In this example, the number of layers, the BatchNorm, the Dropout, and the input data are all control variables that are held constant so that our variable of interest, the activation function, is clearly examined.
On the other hand, we also have the term control group, which is a group of subjects who are not receiving treatment, this group is used as a benchmark to assess how the other groups (the experimental groups) perform.
For example, to test whether receiving more compliments will make the employees more productive, we randomly split the test subjects (the employees) into 2 groups. For the first group, the manager is instructed to praise and encourage each of them more frequently. For the second group, things are kept the same as usual. After 3 months, the performance of each test subject is measured and the average of the 2 groups are compared with each other to see if giving more compliments does have a good impact on productivity or not.
In this example, the second group is the control group, which acts as a benchmark to measure the first group, which is the group of interest.
In Observational Analysis
In regression analysis, or to be more specific, in observational analysis, a control variable corresponds to an independent variable that is added to the data to eliminate its potential to be a confounder that ruins the analysis of other independent variables of interest.
Let us make this clear from scratch.
A confounder (i.e. a confounding variable) is a variable that has causal effects on both the independent and dependent variables. For example, as the number of ice cream sales is highly correlated with the number of drowning cases, we may think that ice cream causes drowning. (To be clear-cut, in this problem, the number of ice cream is the independent variable and the number of drowning is the dependent variable.) However, it turns out that there is another factor that causes both these variables, which is the temperature (the confounder). The higher the temperature, the more likely people tend to eat ice cream, also the more people prefer to go swimming and then being drowned.
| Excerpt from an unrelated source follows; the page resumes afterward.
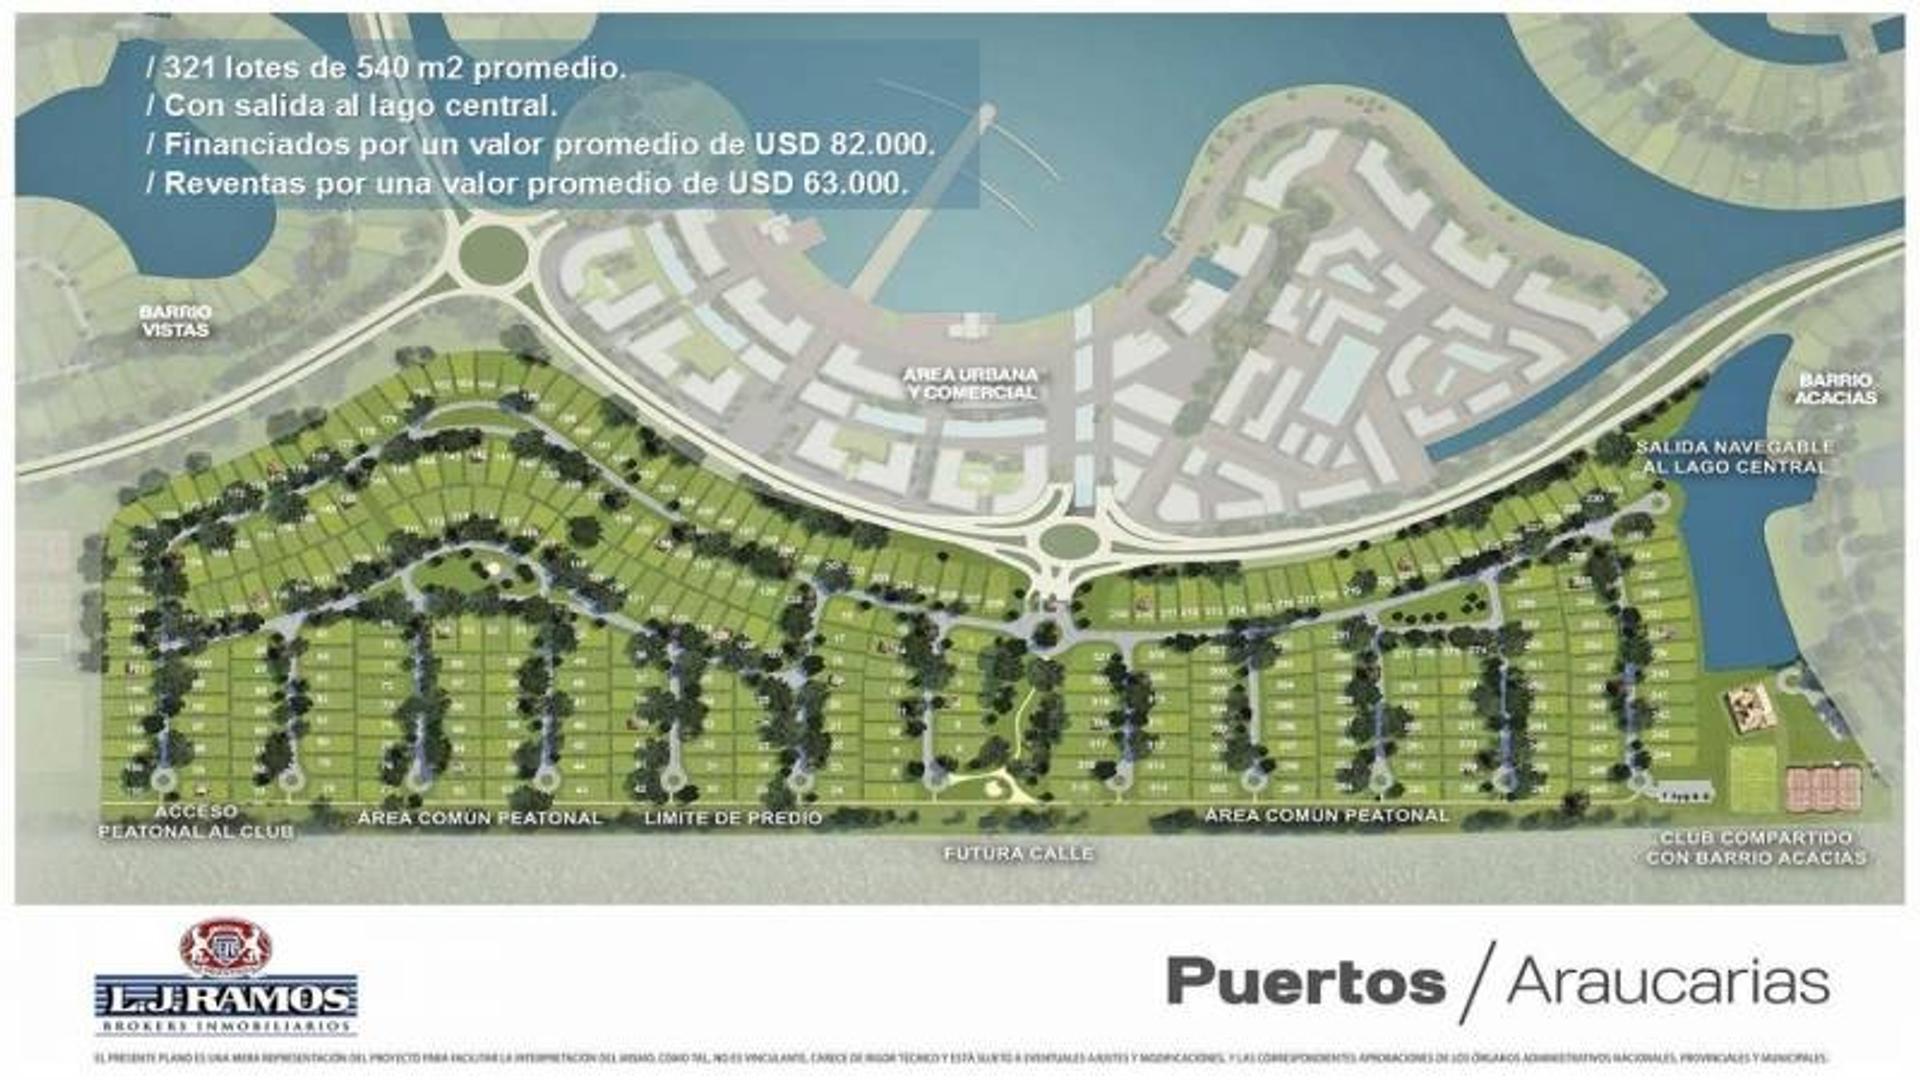 PUERTOS - BARRIO ARAUCAURIAS - RAMAL ESCOBAR KM 45 - LOTE 154 - 100

Thus, if we want to examine the role of ice cream in making people drowned, the temperature should be added to the dataset as an independent variable as well. The dataset somehow looks like this:
|City ID||No. ice cream sales||Temperature (°C)||No. drowning cases|
After collecting the dataset, we standardize it and make a regression to obtain the standardized beta coefficients that show how each of the independent variables impacts the dependent variable. For instance, we train an OLS and get:
Drowning cases = No. ice cream sales * 0.0000025 + Temperature * 2 – 10
This shows that Ice cream seems to have little (if not no) effect, while the Temperature does have some significant influence on drowning (each rising of 1°C makes 2 more people die in water).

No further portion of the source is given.